Technology simply has become far too complex to be reasonably secure, even if you have the financial firepower of being Apple, Sony, Microsoft, Nintendo or Amazon.

Agreed.

If it installs updates without requiring you to specify the desired updates explicitly (i.e. by cryptographic hash), it should not be considered "your" device from a security perspective.

This 100%.
> My expectation is that all NSA CNSA[1] encryption standards are backdoored at the implementation level (by the NSA who uses Suite A for its own communication and I suspect military communications outside of that in weapons systems that can fall into enemy hands)

CNSA / NSA Suite B are pretty much entirely public encryption standards that have stood up to public scrutiny for decades at this point.

They are also approved by the USA to encrypt TS SCI information, why would they approve that if they had backdoors?.

Why would they have Suite A then?
> Why would they have Suite A then?

Because Suite A are a set of non public algorithms that are used to encrypt data.

Them being non public makes it harder to workout how to decrypt the data.

They are also likely protected against a number of attacks that aren't public, even if these attacks aren't feasible against current algorithms.
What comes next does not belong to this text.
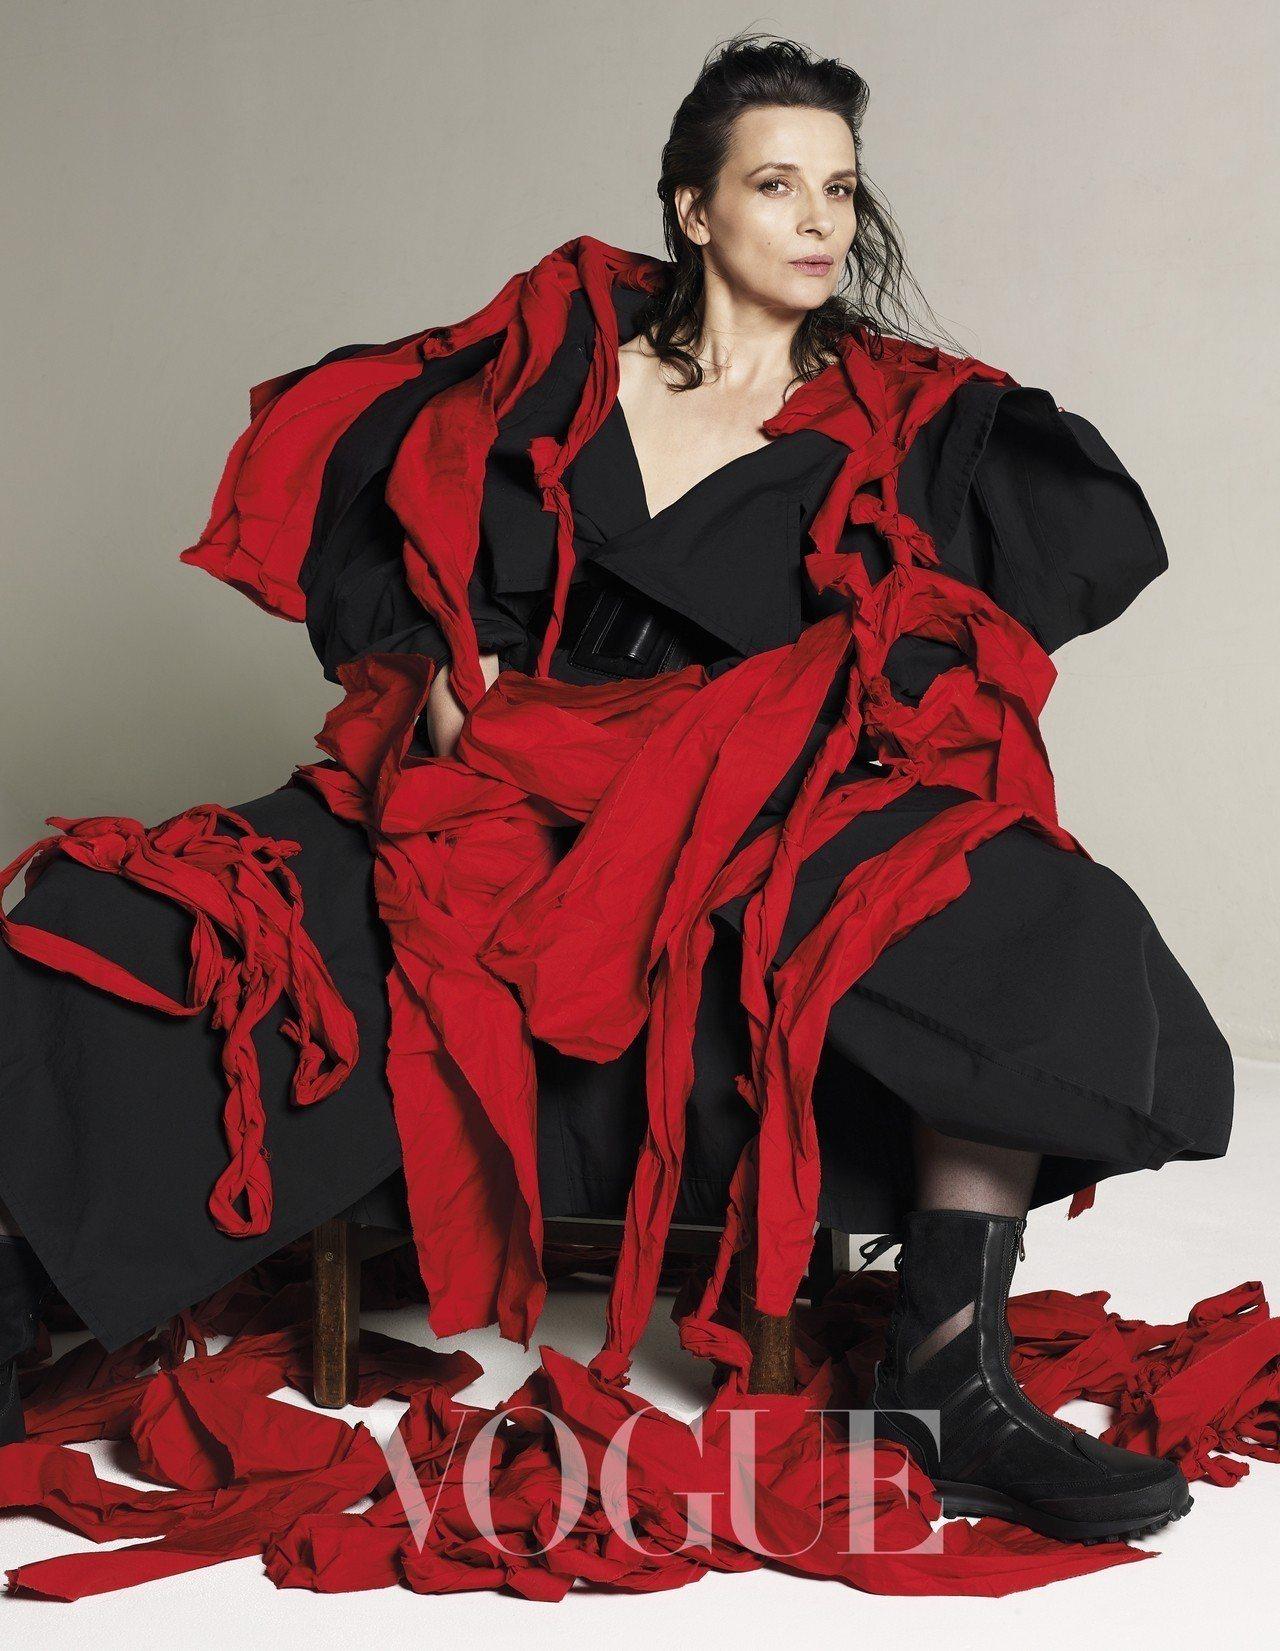 黑色闊肩襯衫、紅色披巾(Yohji Yamamoto)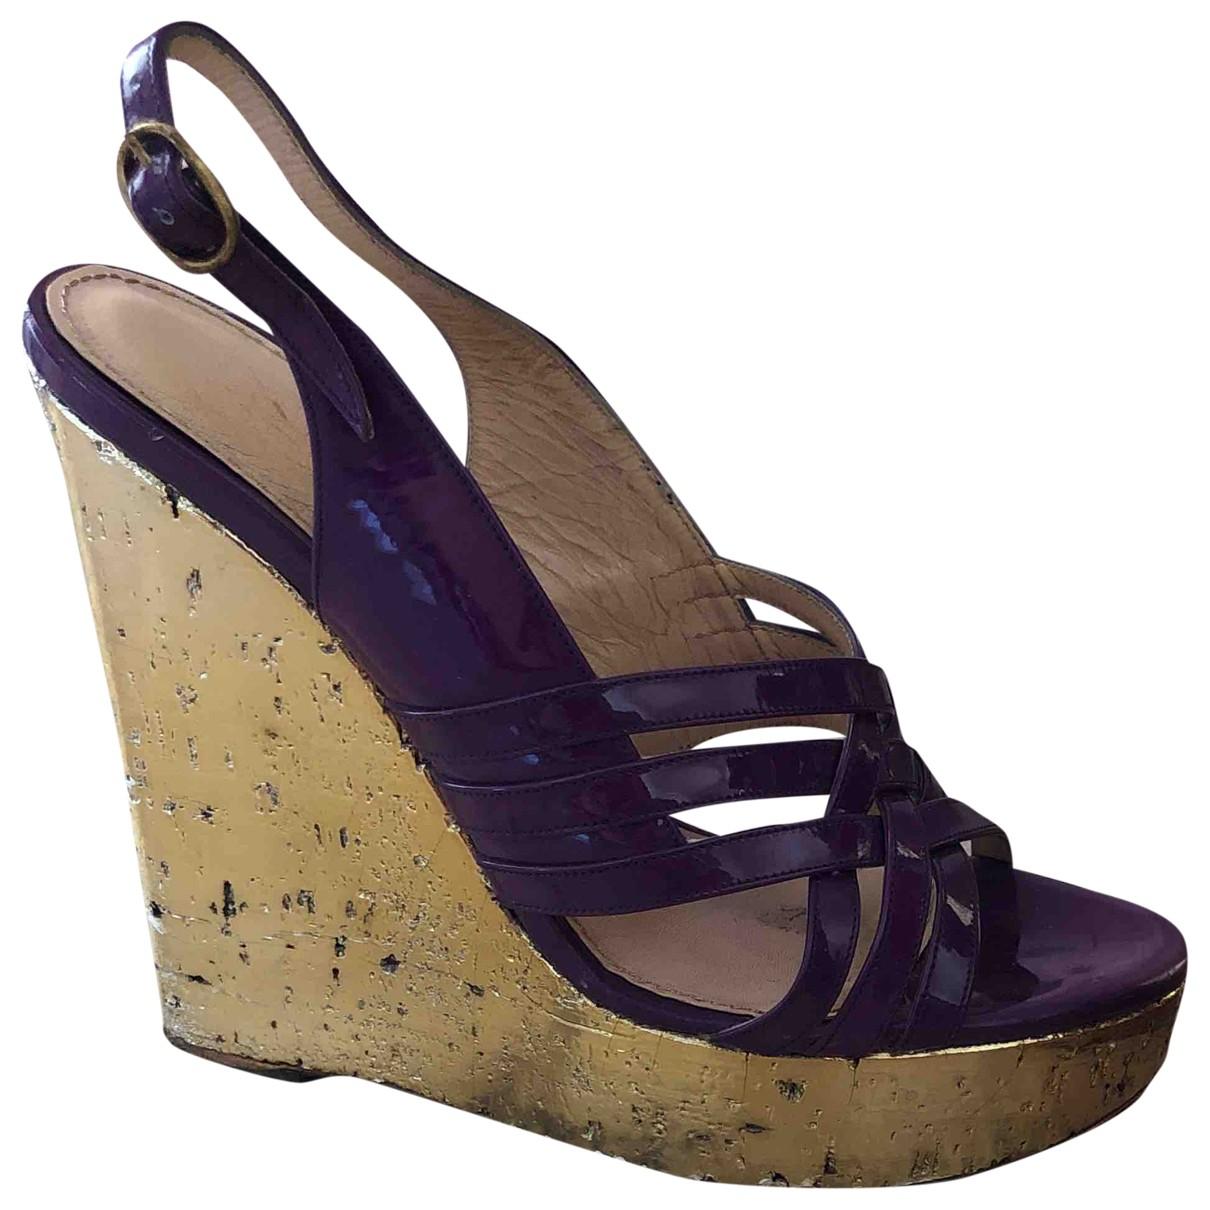 Yves Saint Laurent - Sandales   pour femme en cuir verni - violet

>They are also likely protected against a number of attacks that aren't public

For reference, see DES, where the NSA adjusted the algorithm to protect from a not publicly understood differential cryptanalysis attack. Many people claimed that the adjustment by the NSA was clear backdooring, though we know that was not true.

It was however purposely deficient in the length of its key, allegedly because "it was good enough" and for export reasons, but also because the NSA considered it easy enough to brute force.

"even if these attacks aren't feasible against current algorithms" lol, ok, if you say so....
This article isn't spreading any propaganda against encryption. If anything, it makes the case that new backdoors are not needed.